Борис Ямпольский - Мальчик с Голубиной улицы
— Он дерется! — закричал Котя.
— Котя, не смей с ним стоять, — кричали из окна.
— Это не я стою, это он стоит, — сказал Котя.
— Ну, смотри же, придешь на нашу улицу, я тебе ноги повырываю!
— Пустите меня! — кричал Котя, хотя никто его не держал. — Пустите! Я ему ноги повырываю!
Я был уже далеко, а Котя все кричал:
— Пусть лучше не попадается! Брик — и концы в воду.
8. «Финк и сыновья»
Вот наконец и угловая лавочка, маленькая, как гнездышко для птиц, но с огромной вывеской «Колониальные товары Финк и сыновья», хотя все знают, что никаких сыновей у Финка нет. Правда, когда он был молодым, и женился, и поселился в халупе, в которой еще не было подушки в окне, а было слюдяное окошко, он надеялся, что будут сыновья.
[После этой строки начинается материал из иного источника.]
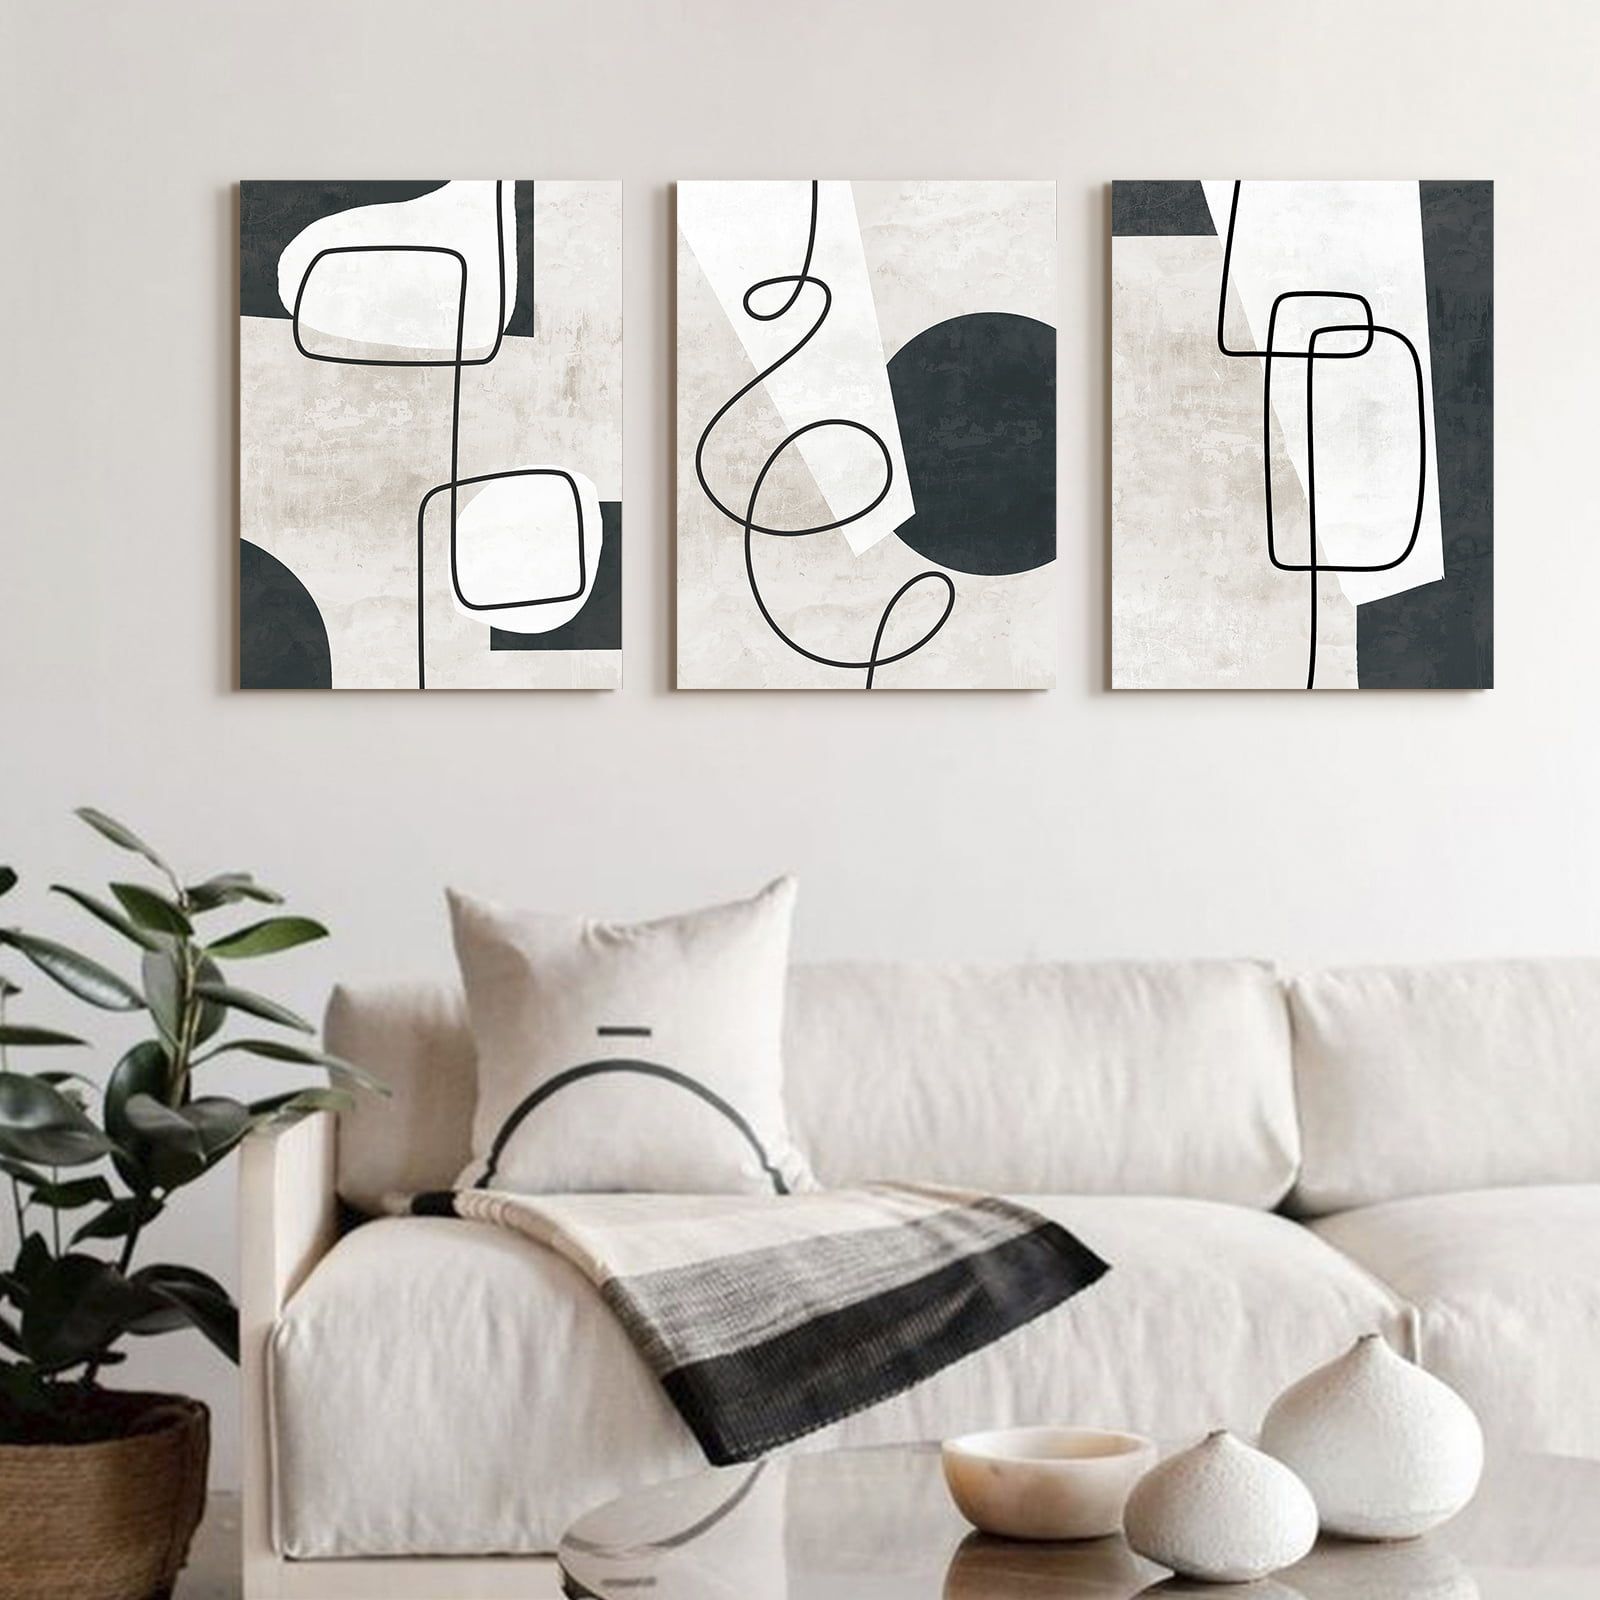 Artbyhannah 3 Pieces 16x24 Inch Modern Abstract Wall Art Decor, Black And  White Canvas Wall Print Set With Minimalist Art Prints For Living Room –  Walmart Inside 2018 Black Minimalist Wall Art (Gallery 4 of 20)

Но вот истлела слюда, ее заменили подушкой, из которой уже летят перья, а сыновей все нет, одни дочери — восемь дочерей, все похожи одна на другую, все мымры, все с длинными носами, и когда они вечером выходят и стоят у забора, щелкая семечки, то не знаешь, смеяться или плакать.
У земляного порога лавочки, среди одуванчиков, вьется просыпанная в прошлом году фасоль, расцветают неведомые яркие цветы, наверное какао или финики, как и полагается лавочке колониальных товаров.
Вот в темной глубине лавочки и сам Финк в сонной одури клюет длинным носом висящие на цепи весы.
Таинственный запах перца, халвы, ванили. Как в сказке, сверкает малиновое монпансье, под стеклянными колпаками розовые пирожные, висят на ниточках серебряные колбасы.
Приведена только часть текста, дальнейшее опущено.